**ACTIVITY**: Beginning with the line that contains "SAH, Øyer prestekontor, Ministerialbok", restate each line below through the final one exactly, and exclude the pictures.

**EXERCISE DATA**:
--- START ---
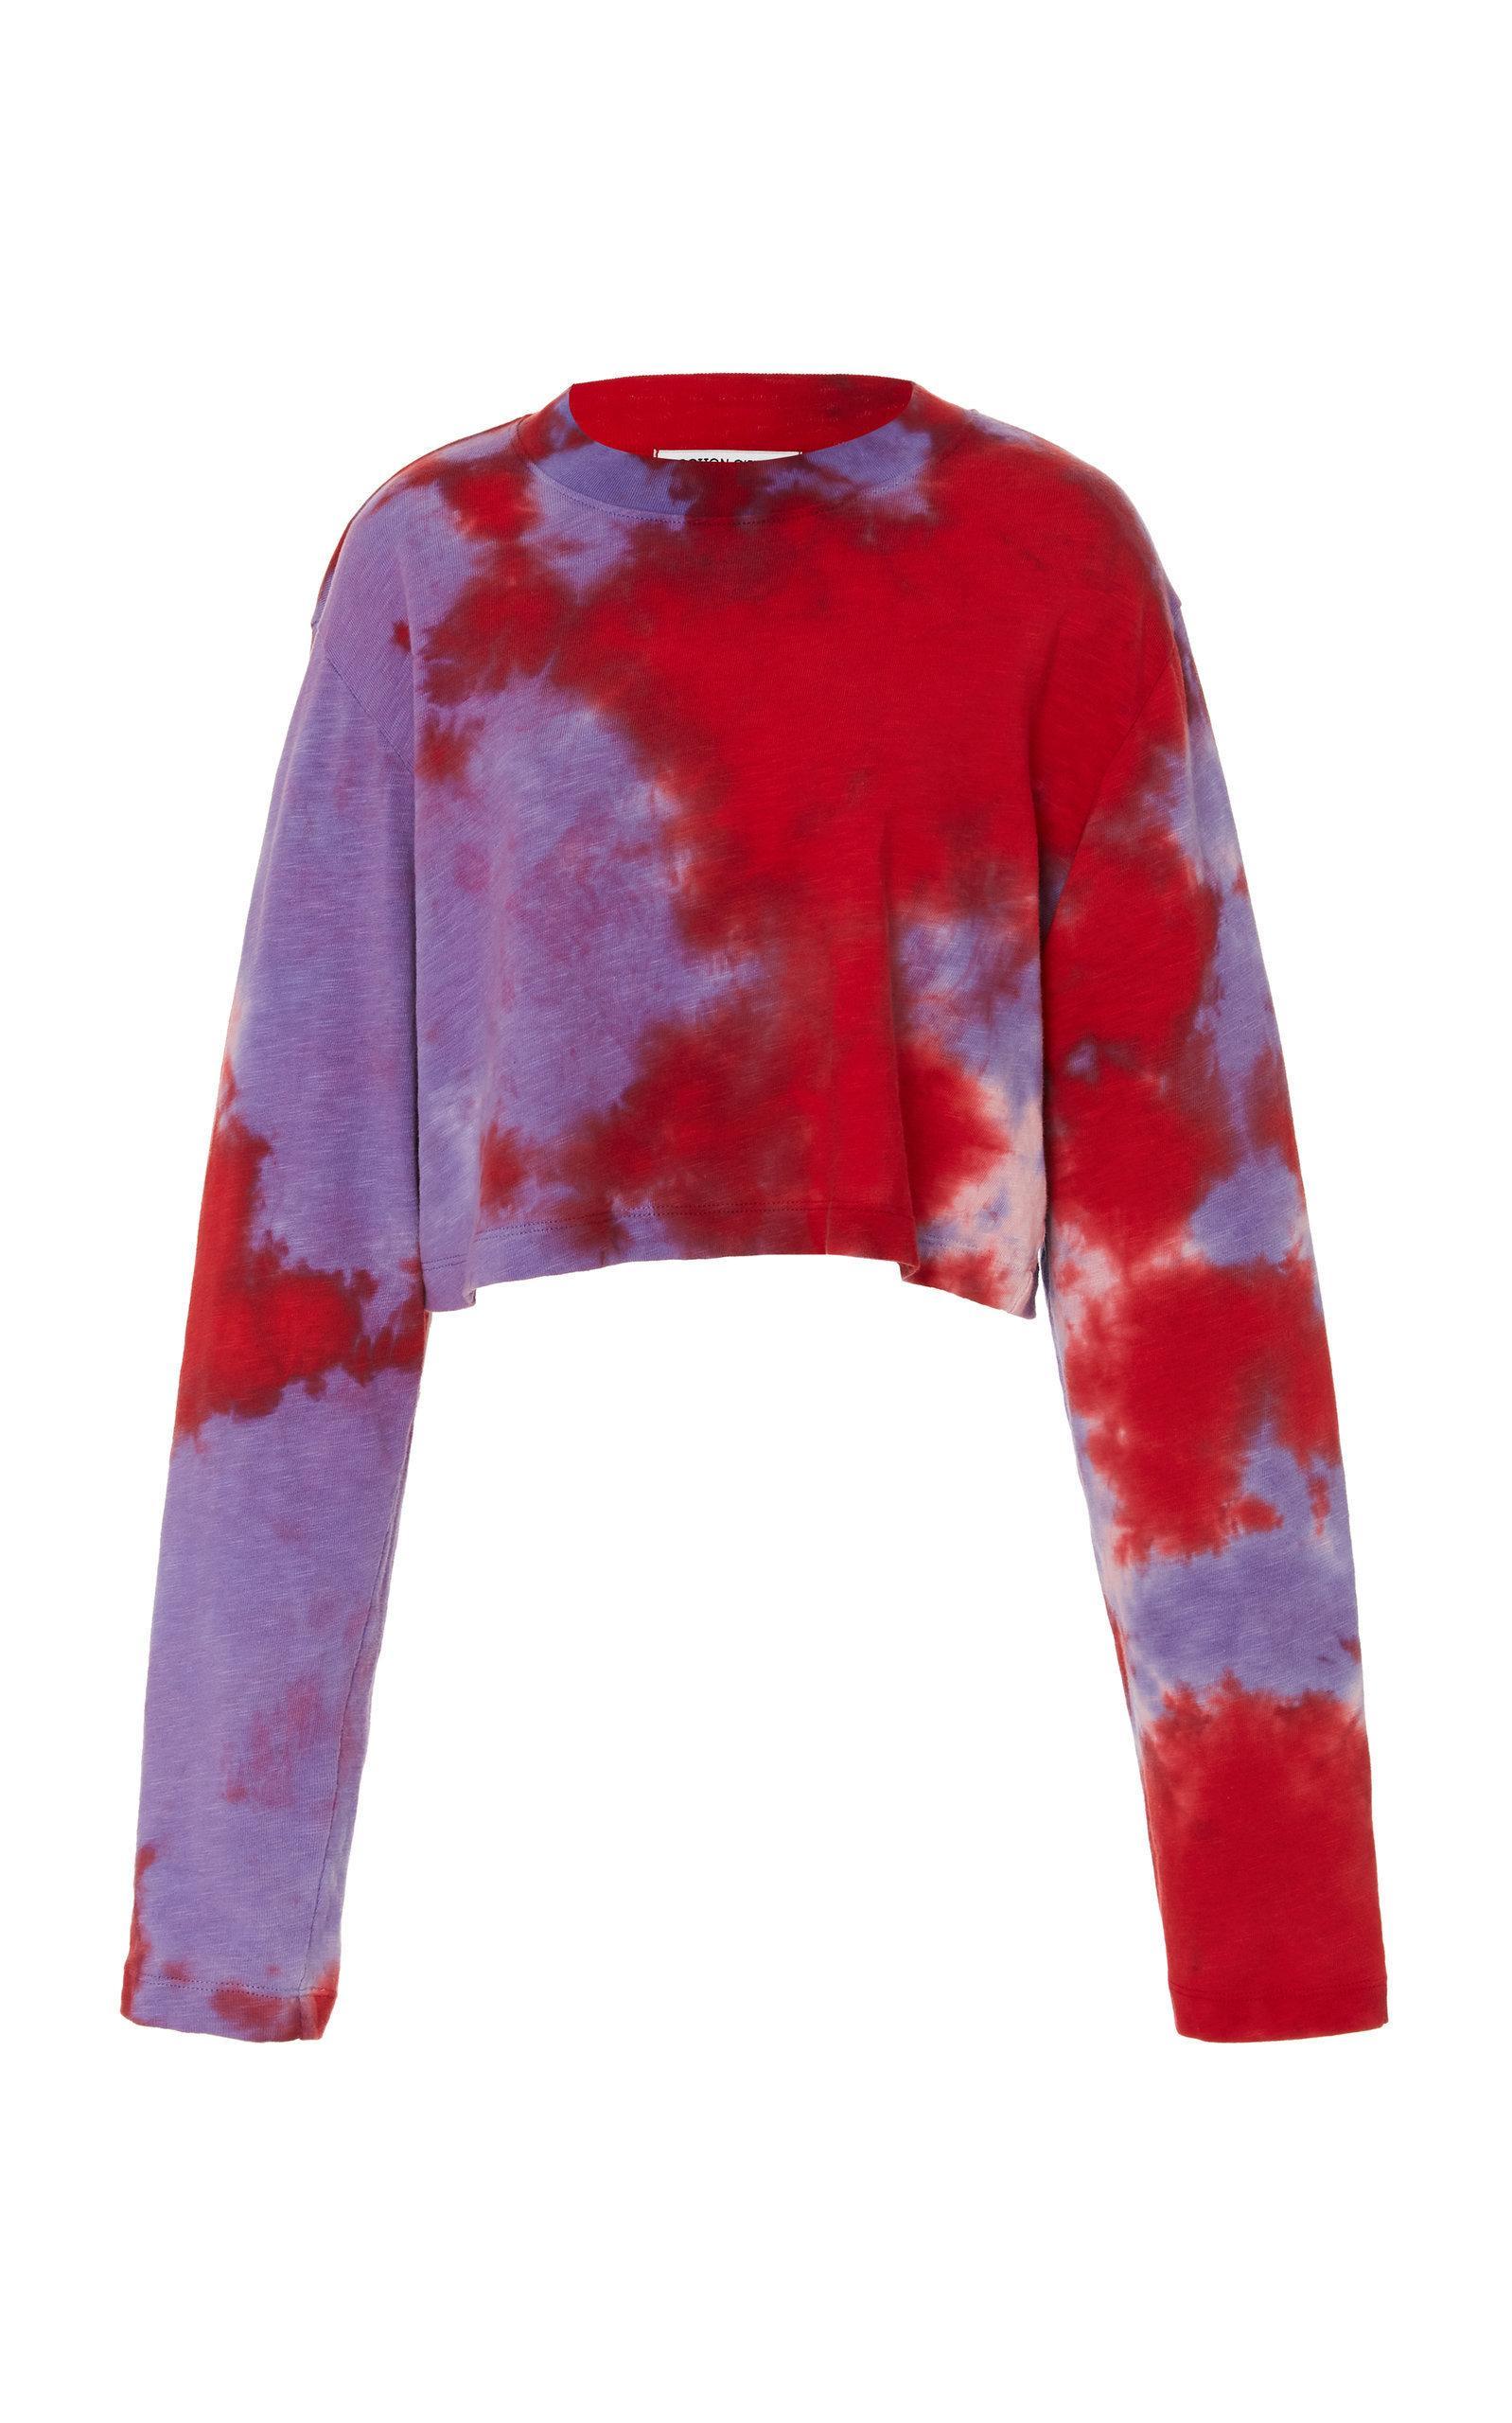 6819fa8c8dd Cotton Citizen Tokyo Crop Long Sleeve Shirt In Cherry & Lavender Tie Dye
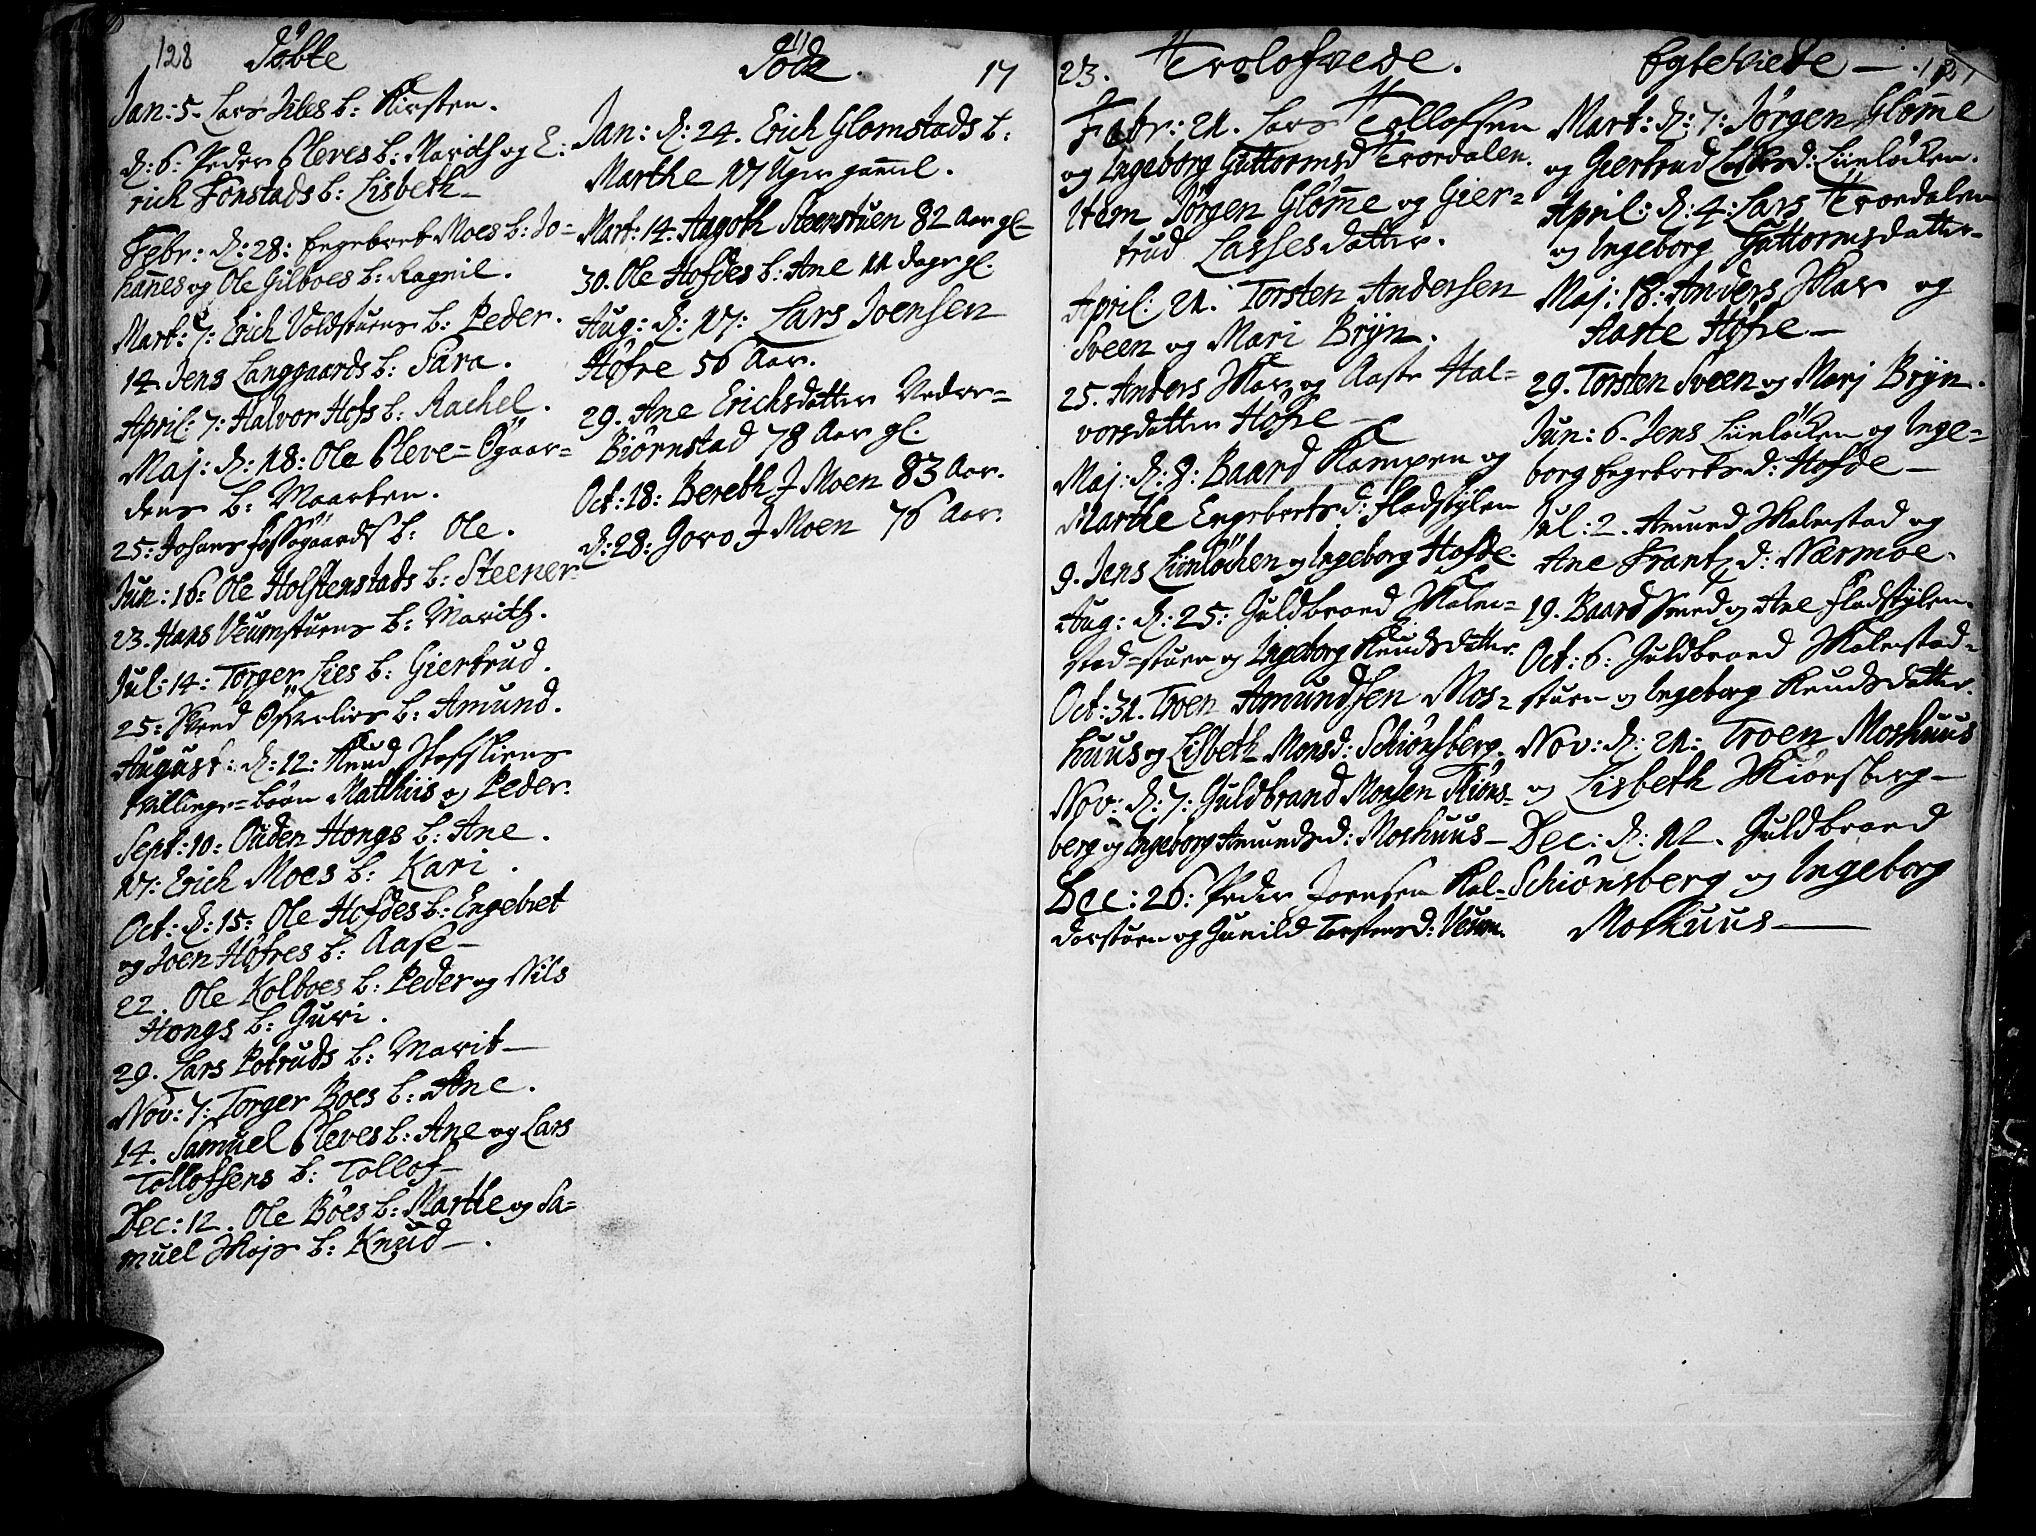 SAH, Øyer prestekontor, Ministerialbok nr. 1, 1671-1727, s. 128-129
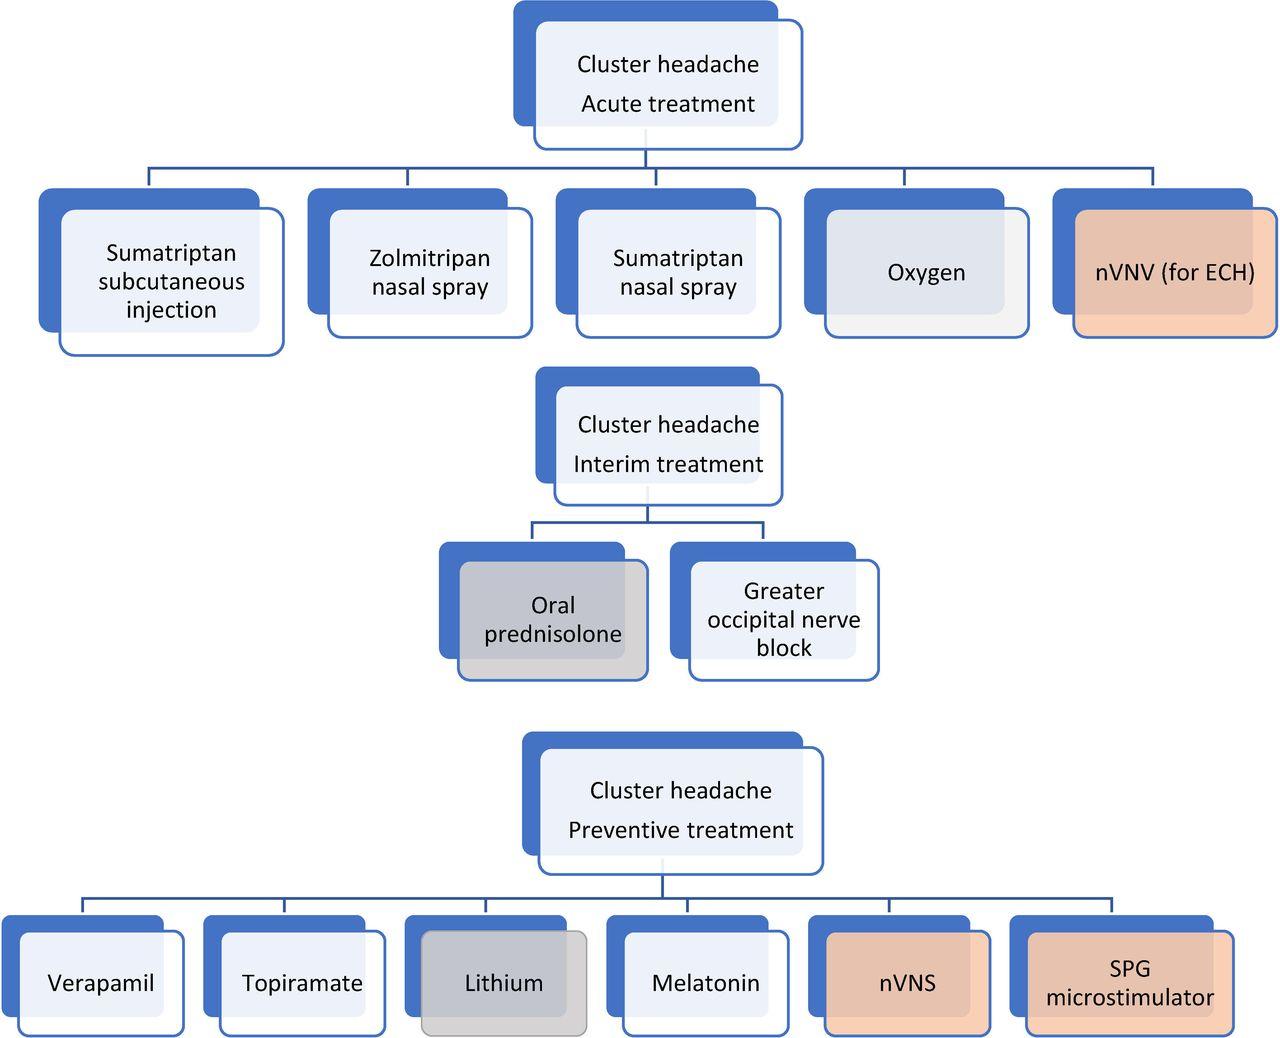 Managing cluster headache | Practical Neurology
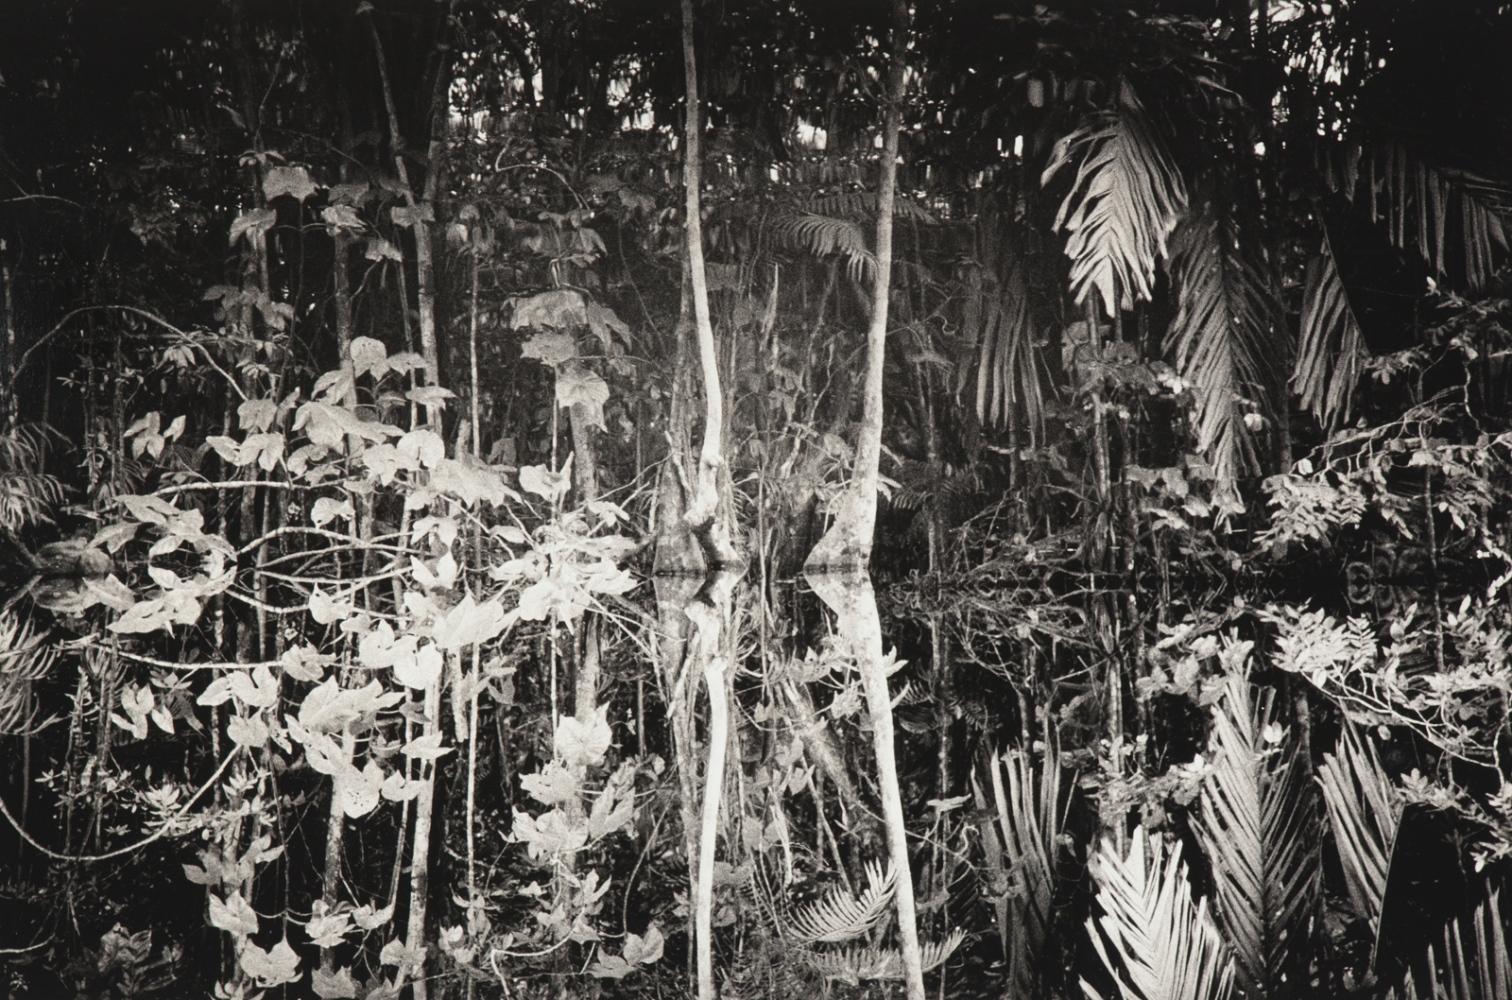 Art and Documentary Photography - Loading WEB_Waniku_AndreaSantolaya-8.jpg
--- END ---
**RESULT FOR THIS EXERCISE**:
 SAH, Øyer prestekontor, Ministerialbok nr. 1, 1671-1727, s. 128-129
 Managing cluster headache | Practical Neurology
 Art and Documentary Photography - Loading WEB_Waniku_AndreaSantolaya-8.jpg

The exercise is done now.